The next step will be to clean the chess games string so they can be used in the model.  Since the "." character is only used in chess notation to keep track of the moves, those strings (1., 2., 3., etc.) will be removed.  Next, a start of game placeholder will be added because the smallest n-gram model will be a bigram model.  Also, if the game has more than 5 moves per side (10 total), only the first 10 moves will be added to the model for training.  

In [17]:
def clean_games(games_list):
        
    clean_games_list = []
    
    for game in games_list:
        clean_moves = []
        
        # Add placeholder character for the start of the game
        clean_moves.append('<s>')

        # Remove the 1., 2., etc. from the moves list
        for move in game:
            if '.' not in move:
                clean_moves.append(move)
                
        # Keep only the first ten moves
        if len(clean_moves) > 11:
            clean_moves = clean_moves[0:11]
    
        clean_games_list.append(clean_moves)
        
    return clean_games_list

In [18]:
clean_chess_games_list = clean_games(chess_games_list)

In [19]:
clean_chess_games_list[0:10]

[['<s>', 'd4', 'Nf6', 'Nf3', 'e6', 'a3', 'd5', 'e3', 'Be7', 'Bd3', 'b6'],
 ['<s>', 'e4', 'e5', 'Nf3', 'Nc6', 'Bc4', 'Nf6', 'Ng5', 'd5', 'exd5', 'Na5'],
 ['<s>', 'e4', 'e6', 'd4', 'd5', 'Nd2', 'c5', 'exd5', 'Qxd5', 'Ngf3', 'cxd4'],
 ['<s>', 'e4', 'e6', 'd4', 'd5', 'Nd2', 'c5', 'exd5', 'exd5', 'Ngf3', 'Nf6'],
 ['<s>', 'e4', 'c6', 'd4', 'd5', 'e5', 'Bf5', 'Nf3', 'e6', 'Be2', 'c5'],
 ['<s>', 'd4', 'Nf6', 'c4', 'e6', 'Nf3', 'Be7', 'Nc3', 'd5', 'Bg5', 'h6'],
 ['<s>', 'e4', 'c6', 'Nc3', 'd5', 'd4', 'dxe4', 'Nxe4', 'Bf5', 'Ng3', 'Bg6'],
 ['<s>', 'Nc3', 'c5', 'e4', 'Nc6', 'g3', 'g6', 'Bg2', 'Bg7', 'd3', 'd6'],
 ['<s>', 'e4', 'Nc6', 'Nf3', 'f6', 'd4', 'g5', 'Nxg5', 'fxg5', 'Qh5#', ''],
 ['<s>', 'e4', 'c5', 'Nf3', 'd6', 'Nc3', 'a6', 'g3', 'e5', 'd3', 'Nf6']]

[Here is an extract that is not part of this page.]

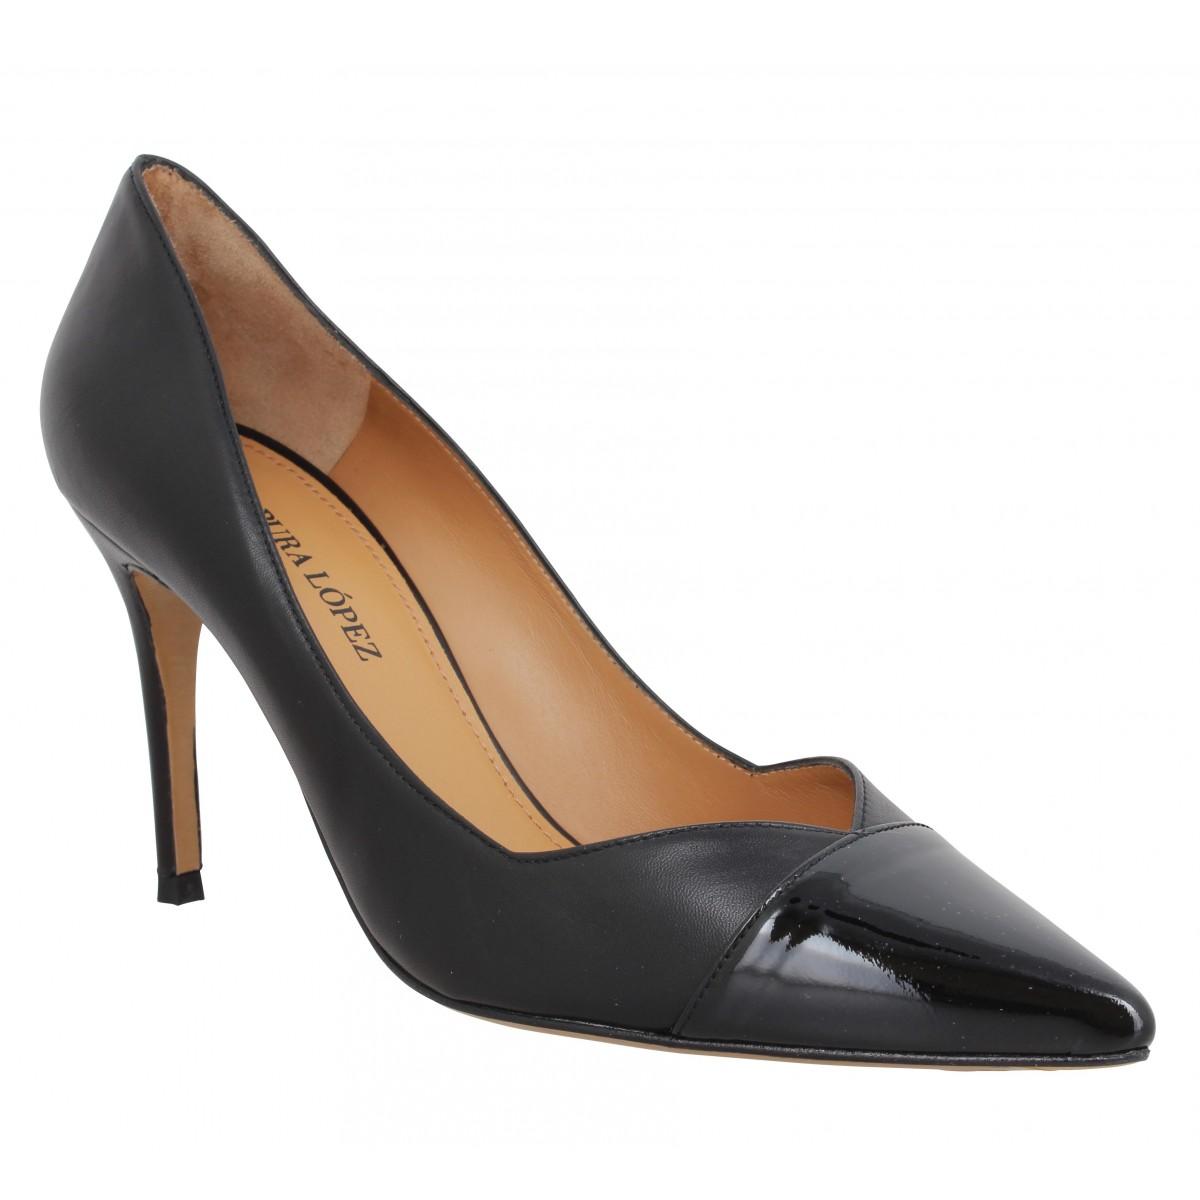 Escarpins PURA LOPEZ AP127 cuir Femme Noir

The sample of games above appears to be correctly cleaned and formatted for the model.  Note that in the 9th game, there is no move after Qh5# because the '#' character represents a checkmate (end of the game).   

## **4. Model Selection and Training** <a class="anchor" id="selection"></a>

### 4.1 Bigram Model (Proof of Concept) <a class="anchor" id="initial"></a>

To test out the model building process, the bigram model will be created first before moving on to the N-gram model.  Both models will be created using the nltk library.  

In [20]:
from nltk import FreqDist, ConditionalFreqDist, ConditionalProbDist, MLEProbDist
from nltk.util import ngrams

In [21]:
# Create a list of chess games with only the first two moves listed.
# It converts the clean chess games list to a pandas Series, uses a lambda function to remove all entries but the first two,
# and converts the result back to a list
chess_games_list_first_two_moves = list(pd.Series(clean_chess_games_list).apply(lambda x: x[0:2] if len(x) >= 2 else x))

In [22]:
chess_games_list_first_two_moves[0:3]

[['<s>', 'd4'], ['<s>', 'e4'], ['<s>', 'e4']]

In [23]:
# The N-gram function requires a tuple format, so this code converts the list to tuples.
bigrams_chess_games = [((w1), w2) for w1, w2, in chess_games_list_first_two_moves]

In [24]:
bigrams_chess_games[0:2]

[('<s>', 'd4'), ('<s>', 'e4')]

In [25]:
FreqDist(bigrams_chess_games)

FreqDist({('<s>', 'e4'): 17936, ('<s>', 'd4'): 12384, ('<s>', 'c4'): 5024, ('<s>', 'Nf3'): 2779, ('<s>', 'e3'): 1765, ('<s>', 'Nc3'): 253, ('<s>', 'g3'): 98, ('<s>', 'c3'): 95, ('<s>', 'h3'): 76, ('<s>', 'f4'): 48, ...})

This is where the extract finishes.